St. Pete police issue warning after cats mutilated
ST. PETERSBURG (FOX 13) - Police in St. Pete are warning residents after two cats were found mutilated in the city over the last few weeks.
The first case happened back on September 29, when the mutilated carcass of a cat was discovered in a front yard in the 4100 block of 17th Street N. The cat -- a neighbor's pet -- had been cleanly cut in half, police said.
"My neighbor said it looked like it was sawed in half - that's how clean a cut it was," Carole Hart told FOX 13 News, describing the neighborhood cat she called Oreo and fed on her front porch.
Then Thursday, in Shore Acres, a neighbor called John Karrer with another grisly discovery: Parts of Karrer's 19-year old cat named Princess, who he thinks was snatched and killed elsewhere.
"[They] killed her and then came back with some of her. Left me three parts - two legs and a head," Karrer said. "This was no random machete shots, somebody fileted her. I mean they took the parts clean."
St. Petersburg police spokesperson Yolanda Fernandez said the second case prompted an investigation.
"No, they're not the same neighborhoods but the two cases are similar in that somebody on purpose, specifically with some type of straight edge, mutilated these animals," Fernandez said.
The police are asking for information from the public, and advising pet owners to keep animals inside at night. Karrer agrees.
"At this point if you live in this neighborhood, probably good to keep your pets inside no matter how much they disapprove," he told FOX 13 News.
Hart said Oreo was one of 10 to 20 neighborhood cats, all of which disappeared at about the same time Oreo was killed.
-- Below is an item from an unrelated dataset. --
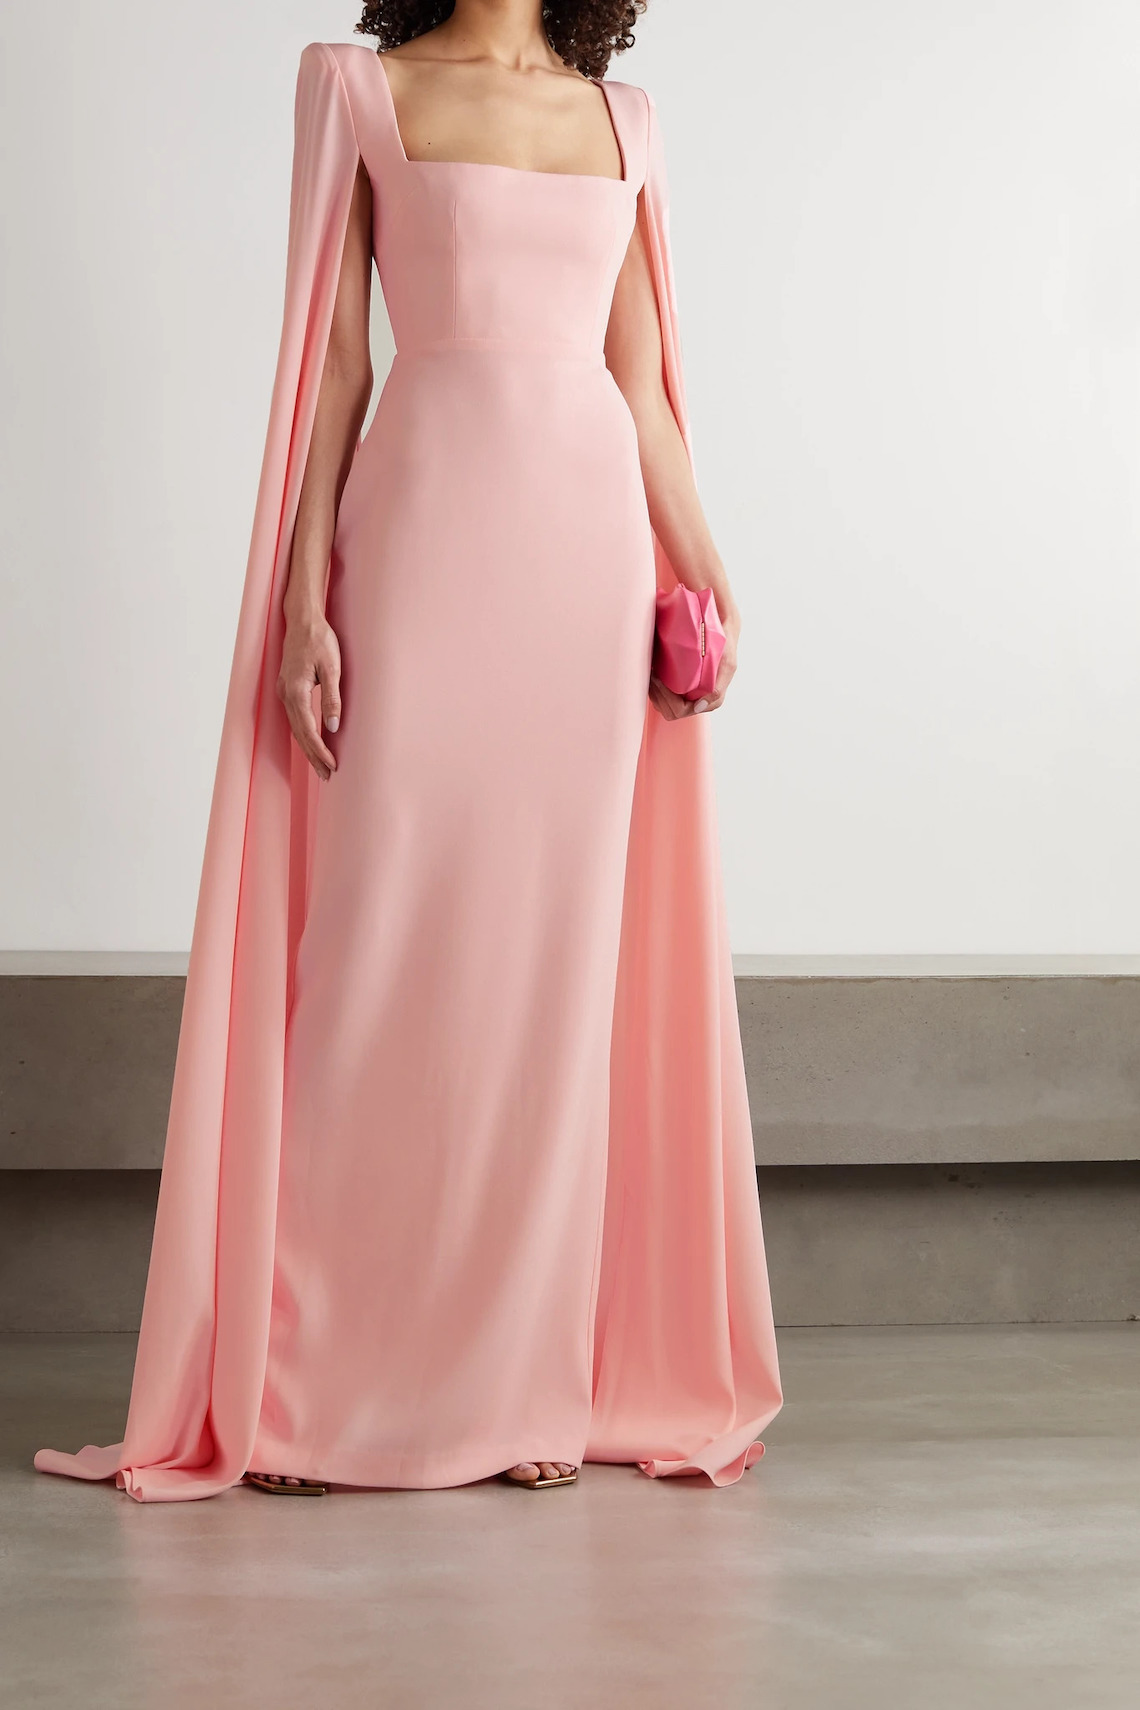 Alex Perry Pink Cape Wedding Dress Best Pink Wedding Dresses for 2021 2022 Brides Bridal Musings - 30 chiếc áo dài cưới màu hồng dành cho cô dâu yêu thích sắc màu

"There's somebody very sick around here. Oh my God. Scares me," she said.
Karrer shares her opinion of the unidentified offender. "This is not garden variety sick little boys, this is psychopathic," he said. "You're talking about somebody that's sick, seriously sick and he's out there and he's plotting the next one."
Anyone with information on these cases is asked to call the department's non-emergency number, 727-893-7780.